У патриарха оставалось последнее средство: он самолично выступил против Медведева, клеймя и понося его в своих проповедях. Поединок пошел в открытую, поскольку Медведев поднял перчатку и на каждую очередную инвективу отвечал в своих сочинениях и выступлениях перед народом. „И еще более народ смущал и прельщал", - признавали свое поражение „мудроборцы". „Святейший же патриарх, видя его, Сильвестра, что не покоряется… и народ еще более смущает, предал его за такой мятеж анафеме вместе с писаниями его". Гром грянул, однако случилось то, что должны были бы предвидеть архиереи российской церкви. Авторитет патриархата пал настолько низко, что провозглашенное им отлучение Медведева от церкви не заставило верующих отшатнуться от просветителя, но лишь подчеркнуло в их глазах неправоту духовных властей. Не Сильвестр оказывался вне церкви, а „мудроборцы" во главе с патриархом отлучали себя от сообщества истинно верующих россиян. „Он же, Сильвестр… в ничто бывшую на него анафему вмени" [38].

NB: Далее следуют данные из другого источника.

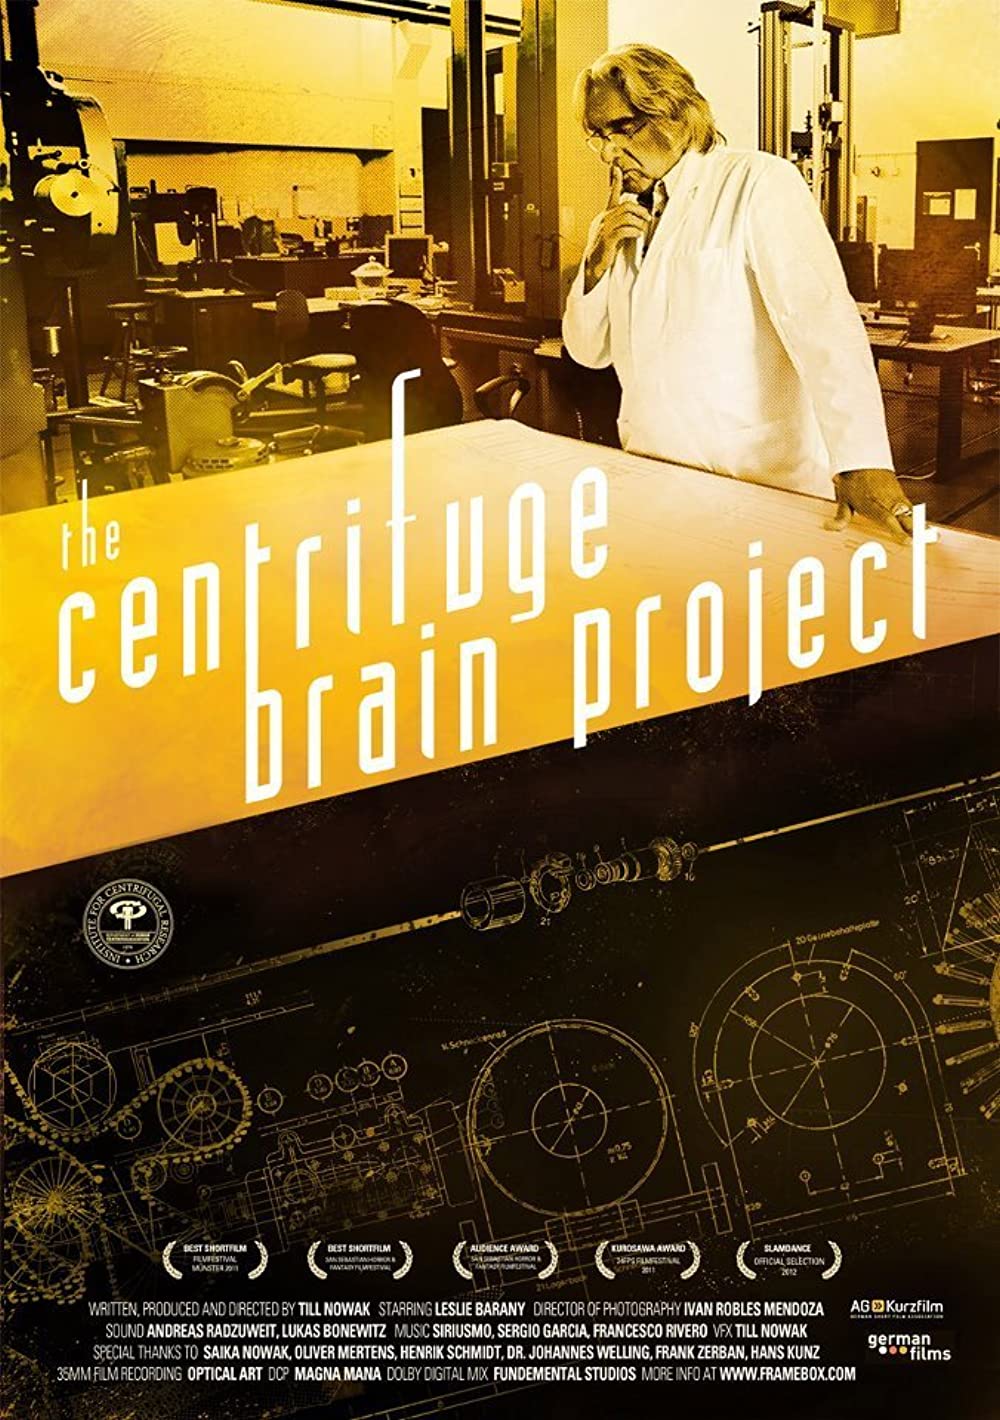 The Centrifuge Brain Project (Short 2012)

Лазарь Баранович, архиепископ черниговский и новгород-северский


В столице Российского государства сложилась невиданная еще ситуация: разум не только теоретически доказывал свои права, но и практически противостоял духовной власти. Большинство с радостью, меньшинство с ужасом убеждалось, что свободная человеческая мысль может быть сильнее приказов и авторитетов. „Мудроборцы" верно подметили особенность „смятения народного" по вопросу пресуществления: возбужденные сознанием, что воспринятые ими доказательства сильнее всяческих приказаний, массы людей повсеместно рассуждали и испытывали, то есть исследовали вопрос. Недаром мужчины, женщины и даже дети повсеместно и в любое время заводили разговор о евхаристии. Люди наслаждались тем, что не только получили право, но и действительно могут мыслить, здраво разбираться в наименее, казалось бы, доступной смертному области богословия, могут не присоединяться к какой-либо группе или мнению, но самолично участвовать в процессе отыскания истины. Стремясь укрепить веру, очистив ее от волюнтаристских искажений, Сильвестр Медведев помогал россиянам обрести веру в себя, в человеческий разум и достоинство. В этом смысле - надо опять отдать должное проницательности „мудроборцев" - его литературная деятельность действительно создавала угрозу основам существующей светской и духовной власти. Опасный философ должен был быть уничтожен соединенными силами властей.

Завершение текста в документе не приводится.